### [Data extract]
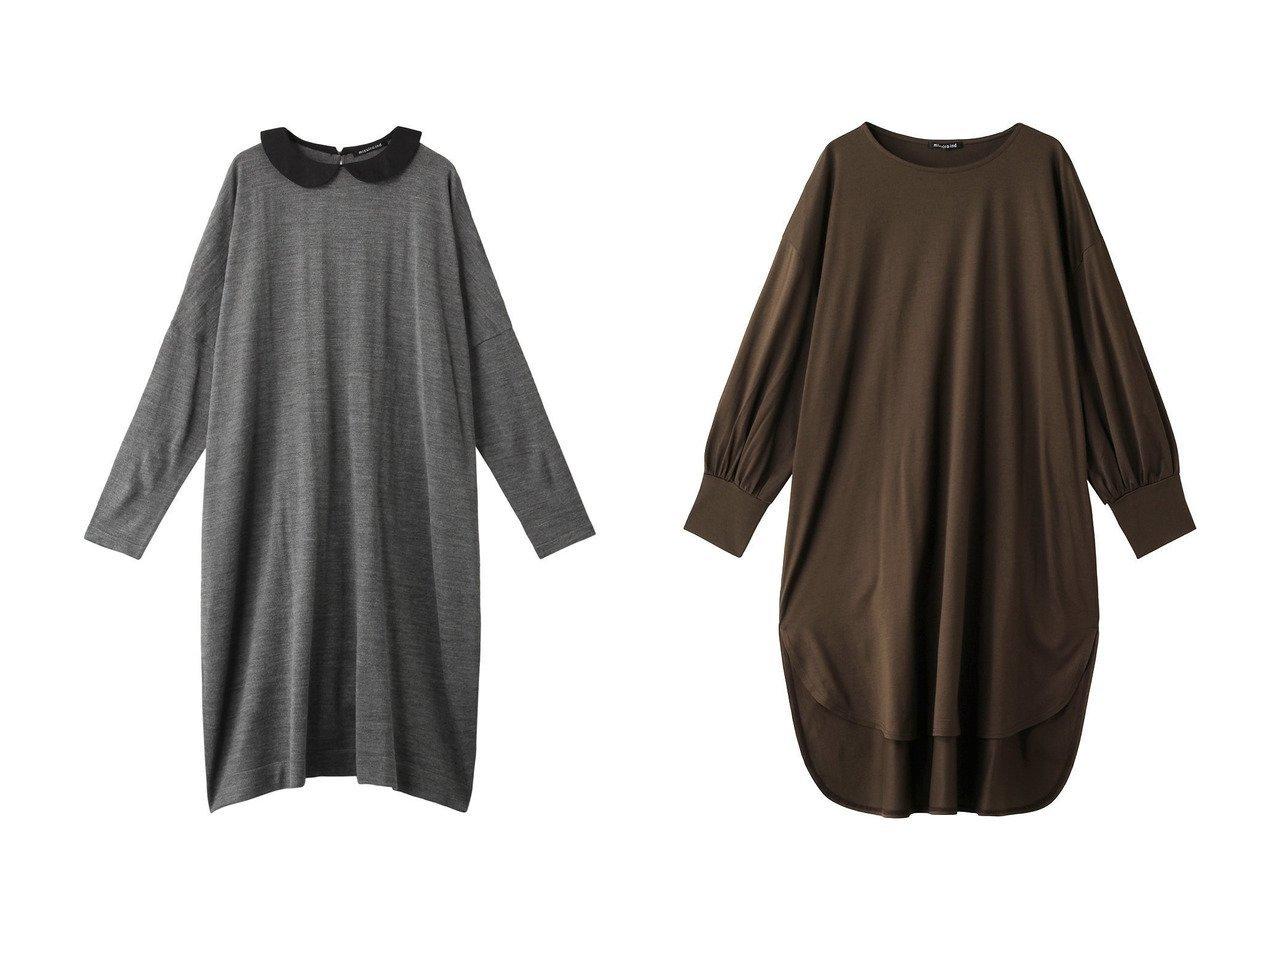 【mizuiro ind/ミズイロ インド】のシャツカラーワイドワンピース&クルーネックワンピース ワンピース・ドレスのおすすめ!人気、トレンド・レディースファッションの通販 おすすめで人気の流行・トレンド、ファッションの通販商品 メンズファッション・キッズファッション・インテリア・家具・レディースファッション・服の通販 founy(ファニー) https://founy.com/ ファッション Fashion レディースファッション WOMEN ワンピース Dress スリット 定番 Standard フェミニン |ID:crp329100000013478
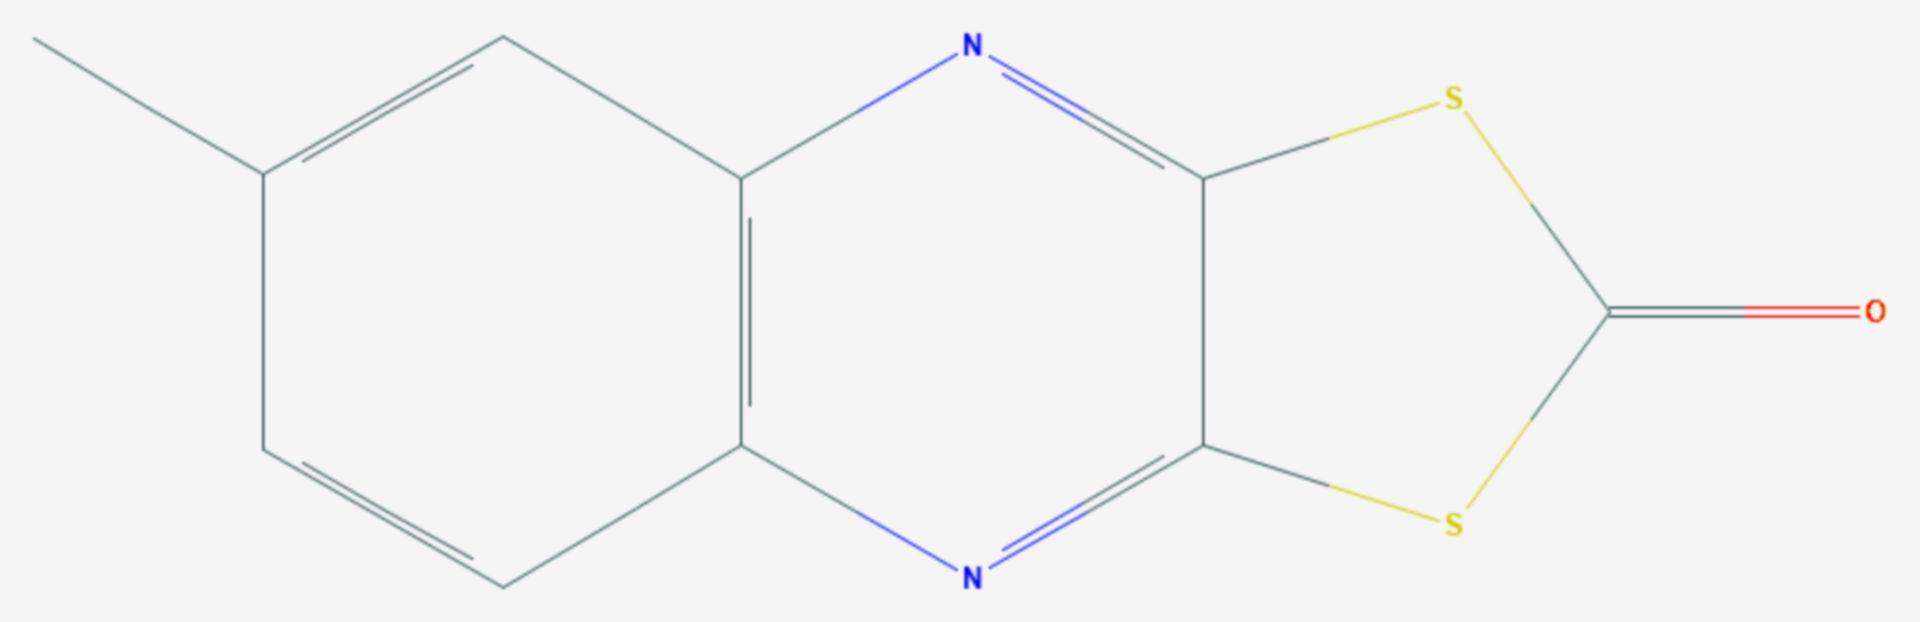 Chinomethionat (Strukturformel)
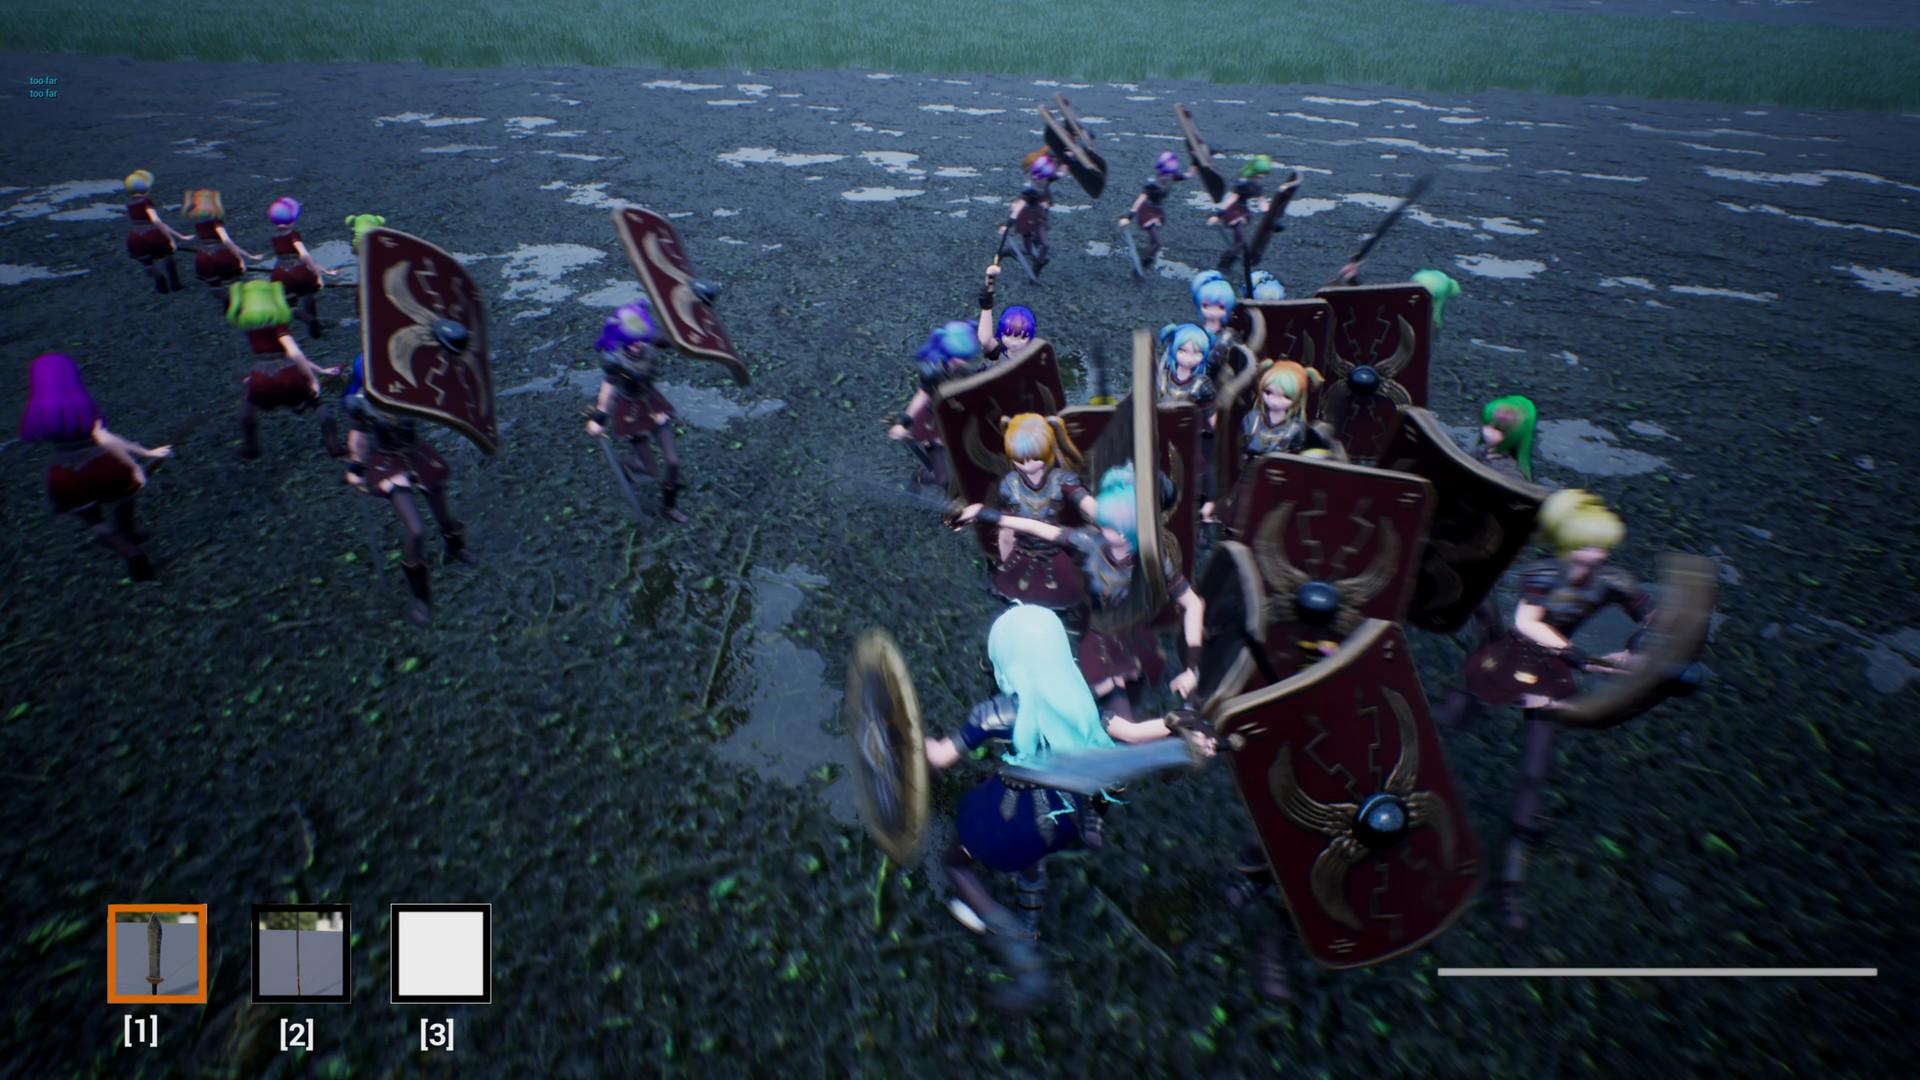 《少女文明》游戏画风奇特 奇葩的《骑砍》模仿者
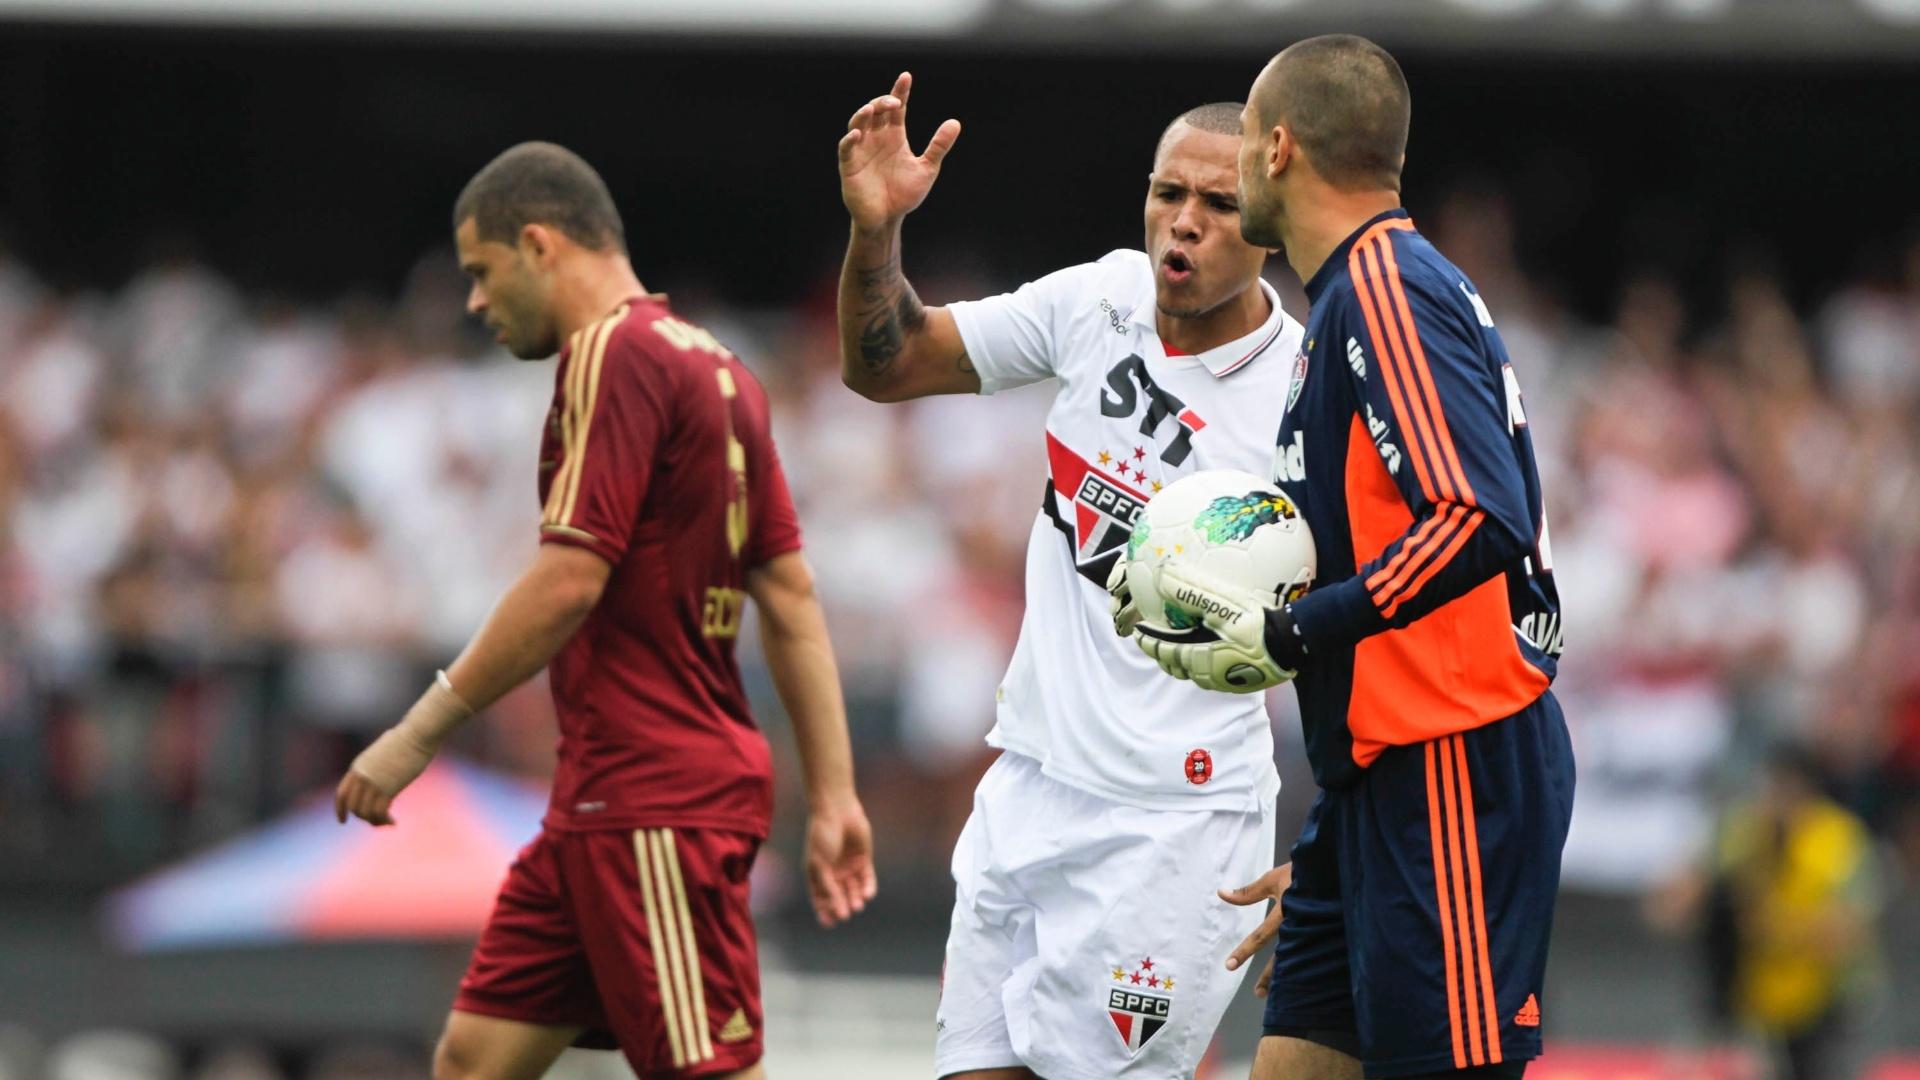 Luis Fabiano discute com goleiro Diego Cavalieri na partida entre São Paulo e Fluminense no Morumbi

### [Task instructions]
A word-for-word copy of the listing is needed, with no pictures in it.

### [Result of this exercise]
 【mizuiro ind/ミズイロ インド】のシャツカラーワイドワンピース&クルーネックワンピース ワンピース・ドレスのおすすめ!人気、トレンド・レディースファッションの通販 おすすめで人気の流行・トレンド、ファッションの通販商品 メンズファッション・キッズファッション・インテリア・家具・レディースファッション・服の通販 founy(ファニー) https://founy.com/ ファッション Fashion レディースファッション WOMEN ワンピース Dress スリット 定番 Standard フェミニン |ID:crp329100000013478
 Chinomethionat (Strukturformel)
 《少女文明》游戏画风奇特 奇葩的《骑砍》模仿者
 Luis Fabiano discute com goleiro Diego Cavalieri na partida entre São Paulo e Fluminense no Morumbi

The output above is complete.